__Description of the task__: Please copy out the full listing that follows exactly; no picture belongs in the copy.

__Given data__:
__________
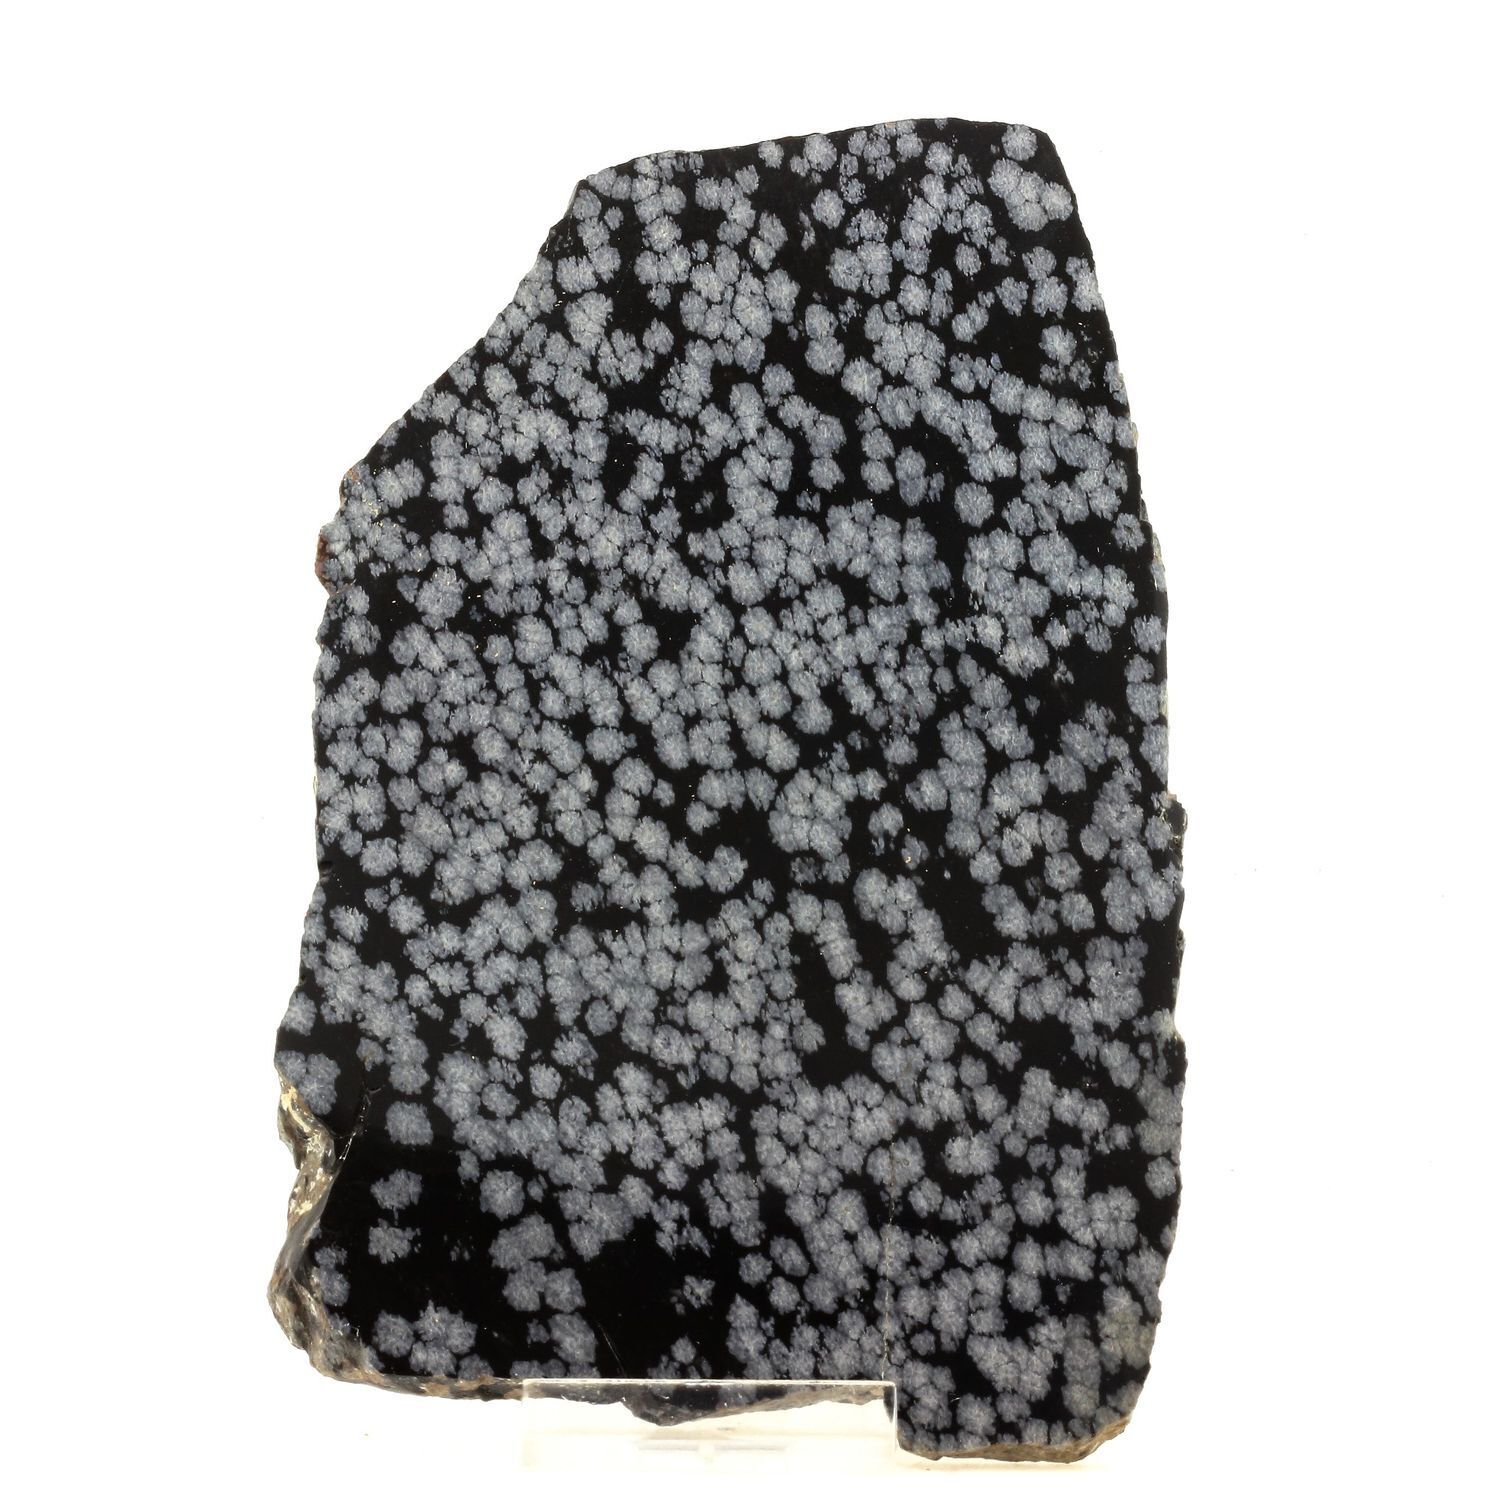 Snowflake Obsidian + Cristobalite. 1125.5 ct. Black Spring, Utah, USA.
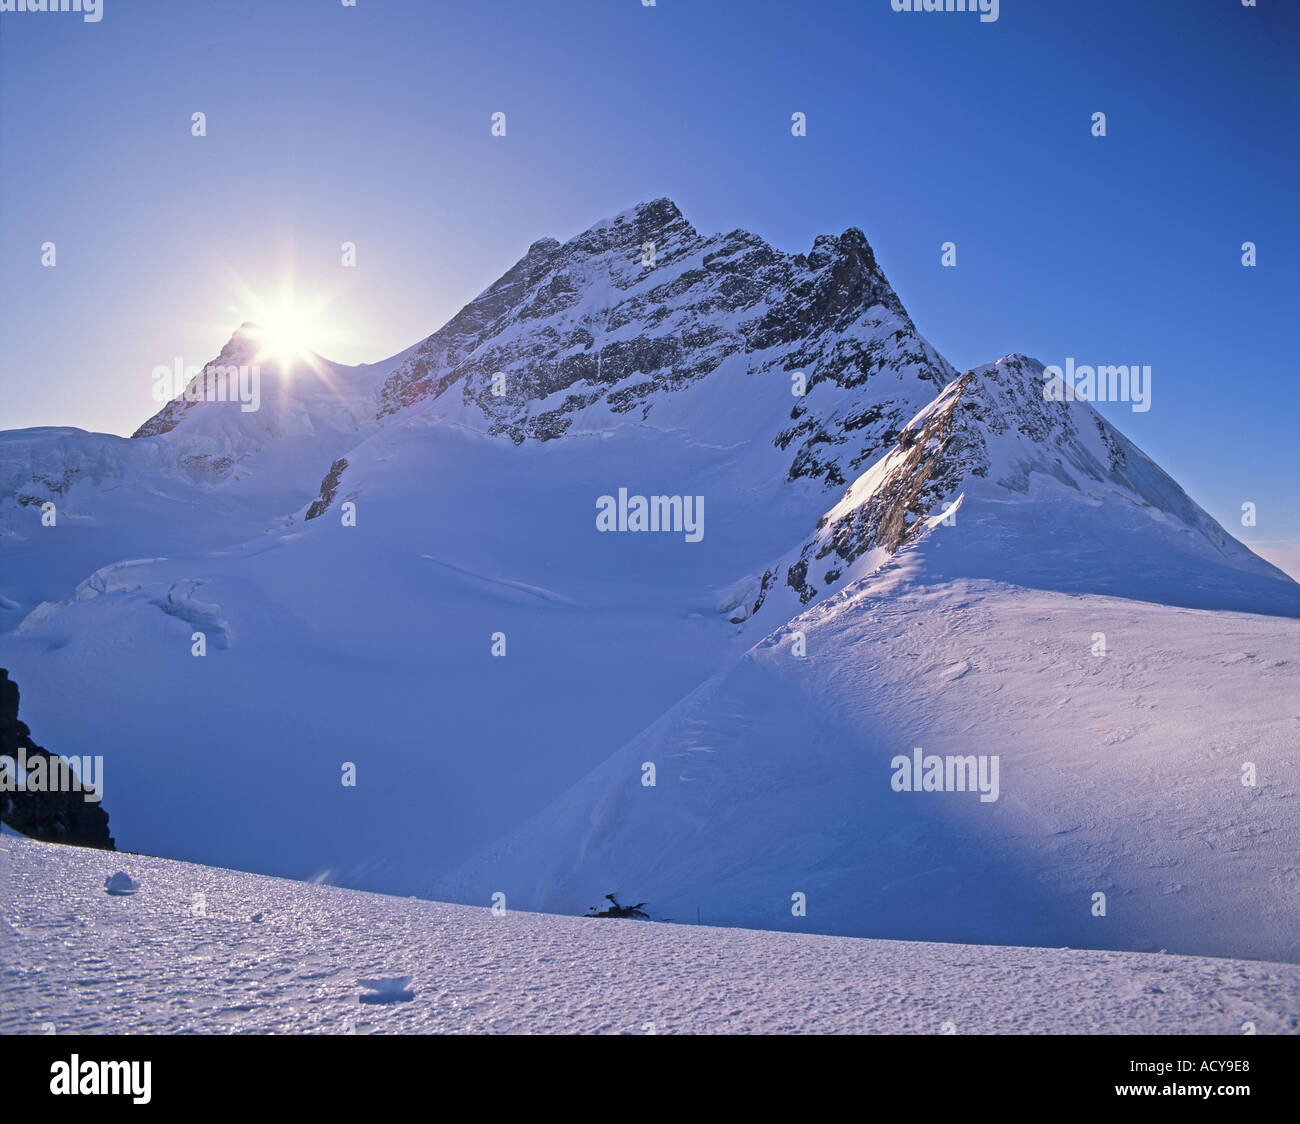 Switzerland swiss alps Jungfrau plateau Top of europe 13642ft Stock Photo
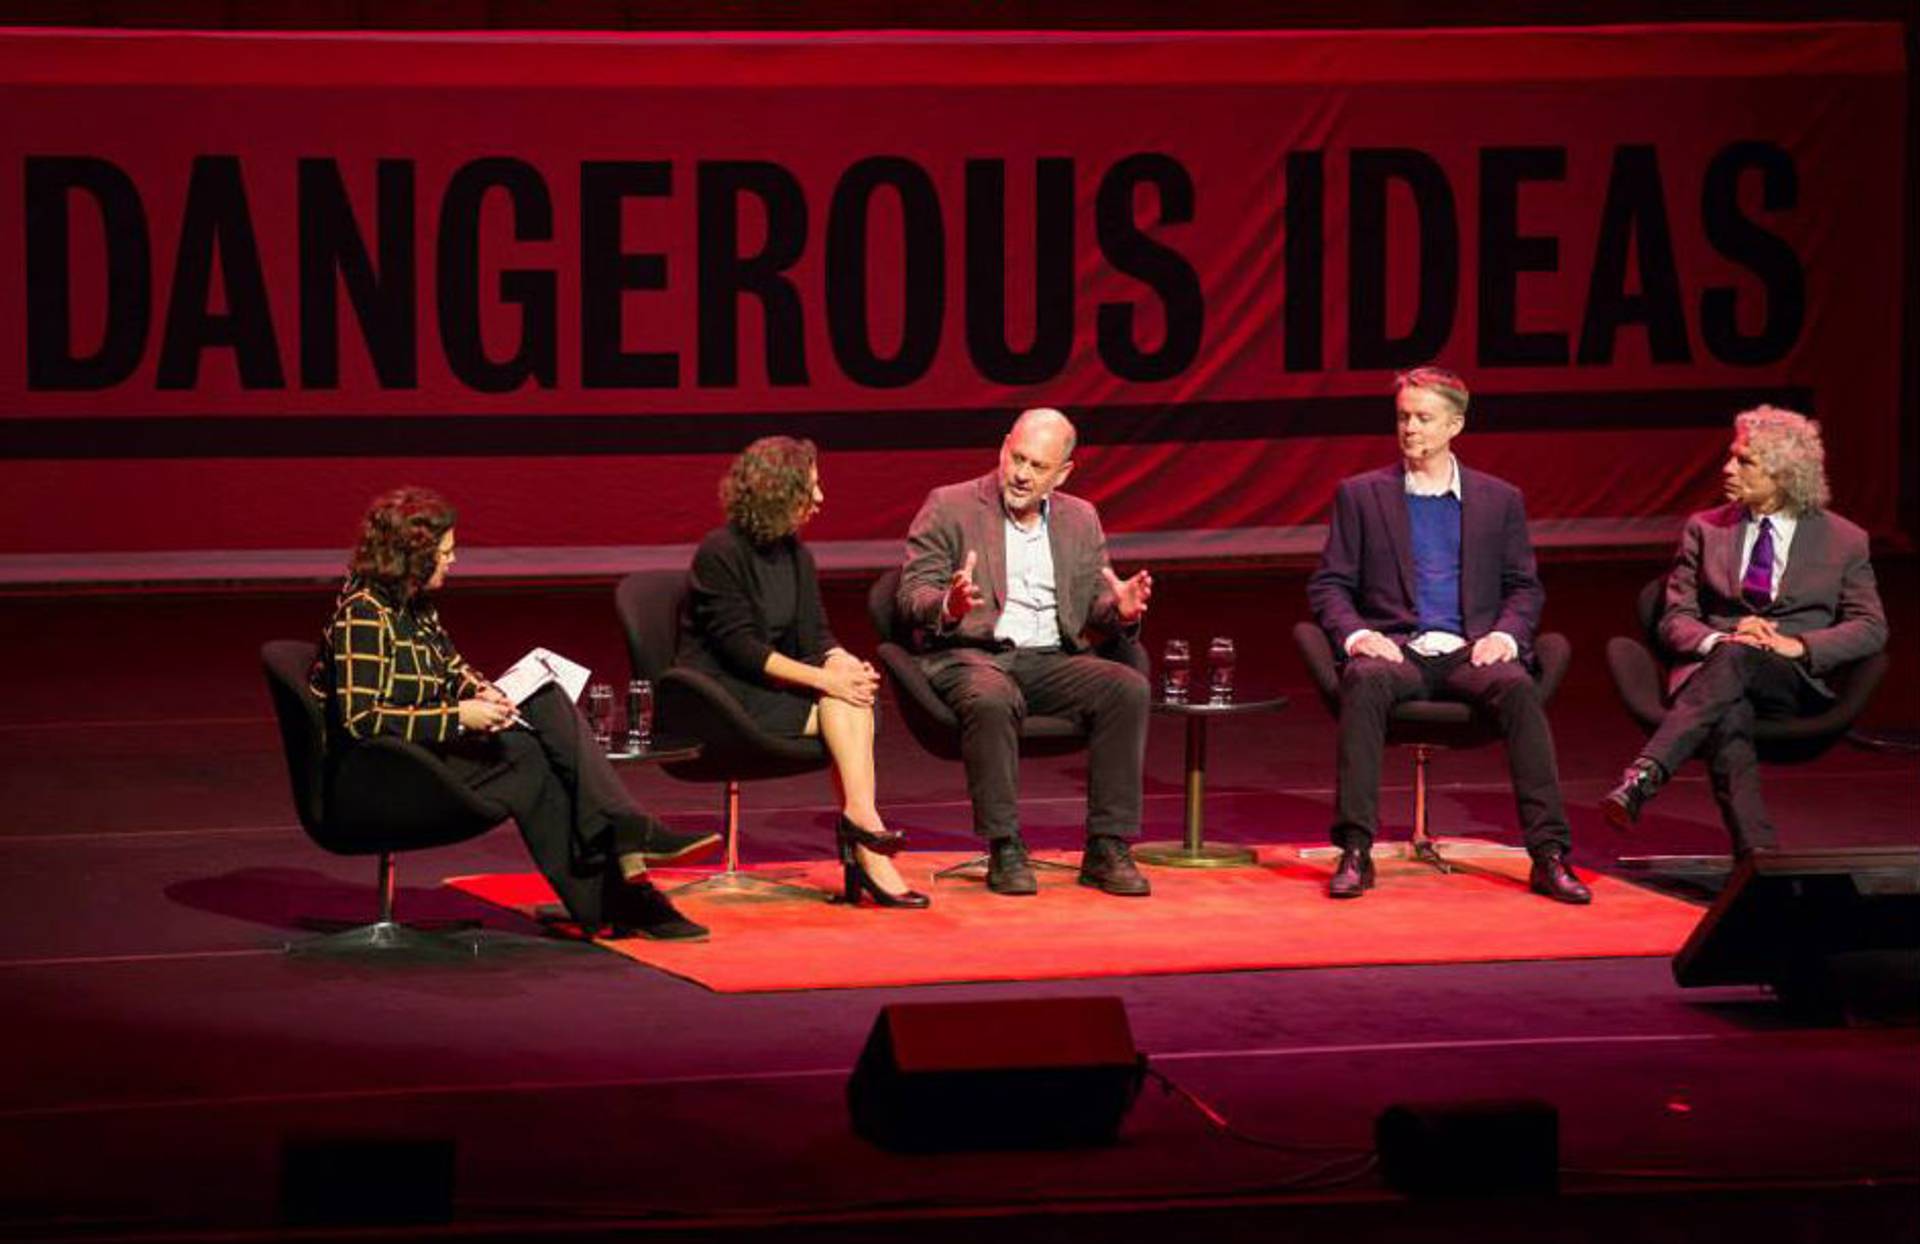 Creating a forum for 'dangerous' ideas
__________
__Answer for the task__:
 Snowflake Obsidian + Cristobalite. 1125.5 ct. Black Spring, Utah, USA.
 Switzerland swiss alps Jungfrau plateau Top of europe 13642ft Stock Photo
 Creating a forum for 'dangerous' ideas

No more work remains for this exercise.